Он ушел в себя так глубоко, что не заметил, как Марья Михайловна подошла к зеркалу, поправила накидку.
– Извините, я должна идти…
Чуть прищуренными глазами она посмотрела куда-то вдаль, и в этот момент Федор со свойственной ему зоркостью взгляда ясно увидел, что она просто любит Винникова. Любит беспредельно, беззаветно, хотя и многое – конечно, не все, однако же очень многое – о нем знает. И это было еще непонятнее…
В марте Ризенкампф неожиданно уехал из Петербурга, и встречи с Марией Михайловной сами собой прекратились.
Он снова стал чаще уходить из дома и даже возобновил некоторые старые связи. В том числе и с милым товарищем по училищу Костей Трутовским. Как-то раз он возвращался домой от Трутовского. Путь его лежал через Неву – Трутовский жил на Васильевском острове. Разговор с ним почему-то сразу выветрился из сознания, и Федор думал о своем. Да, неудачи преследуют его по пятам – и «Жид Янкель» не получился, и с романом не ладится, и денег опять нет… Доколе же это будет продолжаться?

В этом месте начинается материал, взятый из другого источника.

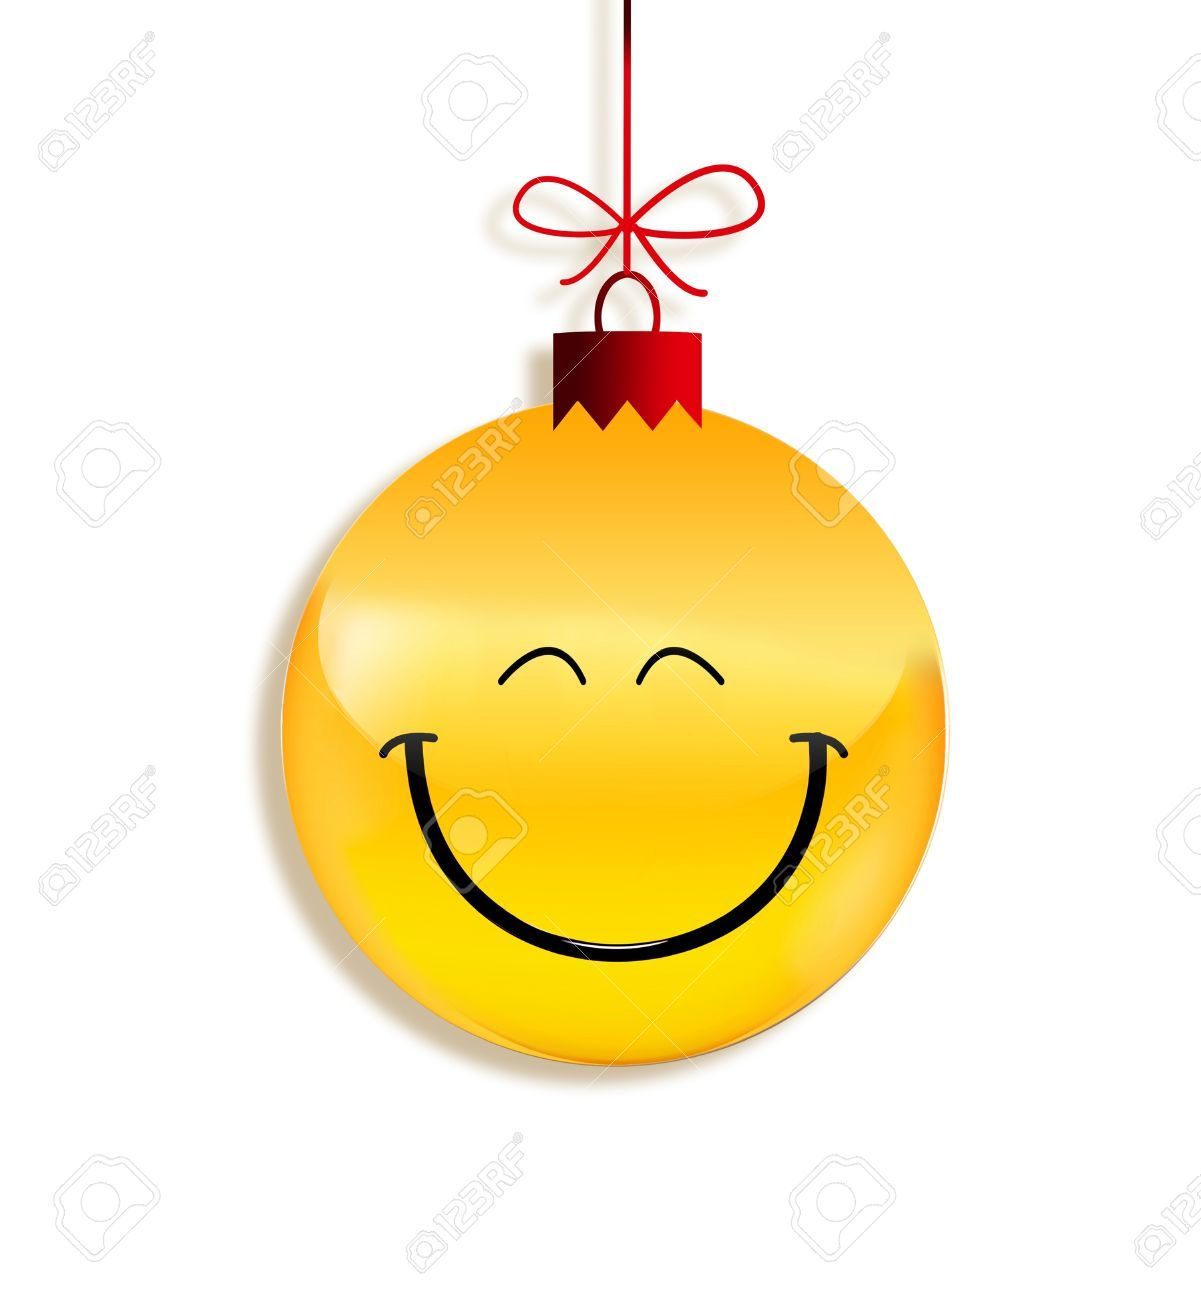 christmas smiley faces: paper emoticon as Christmas ball.

Зима еще властвовала; выдался на редкость холодный для этого времени года день. И все-таки, подойдя к Неве, он на секунду остановился и бросил пронзительный взгляд вдоль реки, в дымную, морозно-мутную даль.
Будто вспухшая от замерзшего снега, Нева поблескивала мириадами искр мглистого инея, со всех кровель набережной поднимались и неслись вверх столбы дыма, на миг создавая очертания каких-то новых, неведомых зданий: новый город складывался в воздухе и тут же исчезал, уступая место другим столь же причудливым очертаниям. Мороз все усиливался, где-то очень далеко догорала пурпурная полоса зари. Вдруг какая-то новая странная мысль возникла в его сознании, всплыло на поверхность и получило твердые контуры что-то еще только зарождавшееся в нем, словно прозрел он в эту минуту во что-то новой, в совершенно иной мир, незнакомый и прежде лишь угадываемый по темным слухам… И вот уже какие-то удивительные, казалось, никогда не виданные фигуры закопошились перед его мысленным взором – оборванные, сгорбленные, немощные, – и сердце его, словно ключом вскипевшей крови, облилось горячим сочувствием ко всему мелкому и несчастному петербургскому люду – тем, кто не только постоянно нуждался в куске хлеба и не знал, будет ли иметь его завтра, но и вполне сознавал полнейшую безвыходность и обреченность своего нищенского существования… И замерещилось ему какое-то бедное чиновничье сердце, ютящееся в каком-то страшном, полутемном углу, но честное и чистое, а вместе с ним какая-то девочка, оскорбленная и грустная… Ба, да уж не Варенька ли это? Ну конечно же она, Варенька; так вот и выход: наивный, мечтательный чиновник, самоотверженный и сострадательный… Конечно, бедность, но высокая, благородная бедность, великое сердце маленького, приниженного, забитого человека…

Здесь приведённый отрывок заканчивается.